Nackte Füße tappten über den Boden und Lash hörte, wie die Fensterscheibe höher geschoben wurde. Er hielt den Atem an, als Naomi heraussah. Wind kam auf und der Geruch von Jasmin und Vanille, gemischt mit Moschus, wurde durch die Luft herangetragen. Sie roch genau so sinnlich wie sie aussah.
»Ich sehe nichts.« Naomi zog sich in die Küche zurück.
»Ich frage mich, ob das wieder sie ist.« Belita öffnete die Tür der Speisekammer und holte eine Dose Hundefutter heraus.
»Wer, ‚sie‘?« Chuy nahm einen Dosenöffner heraus und reichte in Belita.
»Rebecca«, antwortete sie.
»Wer ist Rebec–au!«, rief Naomi. »Bear, hör auf mich anzuspringen. Ich bin nicht diejenige mit dem Fressen.«
Es gab einen Tumult und etwas klang wie das Klicken von Pfoten auf dem Boden.

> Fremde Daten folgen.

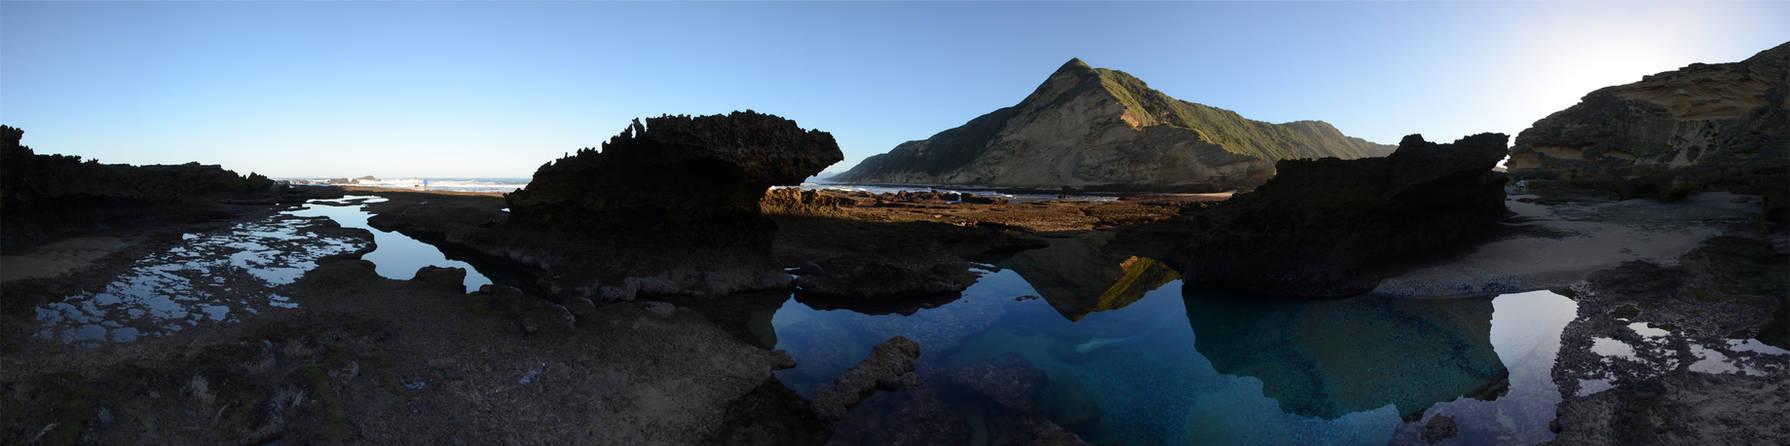 Whale Bone Tide Pool

»Belita, du musst Bears Krallen schneiden lassen. Sie zerkratzt mir die Beine.«
Verdammt, ein Hund. So gern Lash pelzige kleine Wesen auch hatte, er war noch keinem begegnet, das ihn mochte. Es war, als könnten sie fühlen, dass mit ihm etwas nicht stimmte. Er fragte sich, wie viel Zeit ihm noch blieb, bevor der Hund seinen Geruch wahrnahm. Würde Bear ihn angreifen, wie es die anderen in der Vergangenheit versucht hatten? Er kämpfte gegen den Drang an, einen Blick zu riskieren, um die Größe des Hundes einzuschätzen. Gebissen zu werden war kein Problem, weil er schnell heilte, aber er wollte sich lieber nicht mit den Schmerzen befassen. Wenn Bear seinen Geruch wahrnahm, würde es dadurch schwer werden, Naomi aus der Ferne zu beschützen.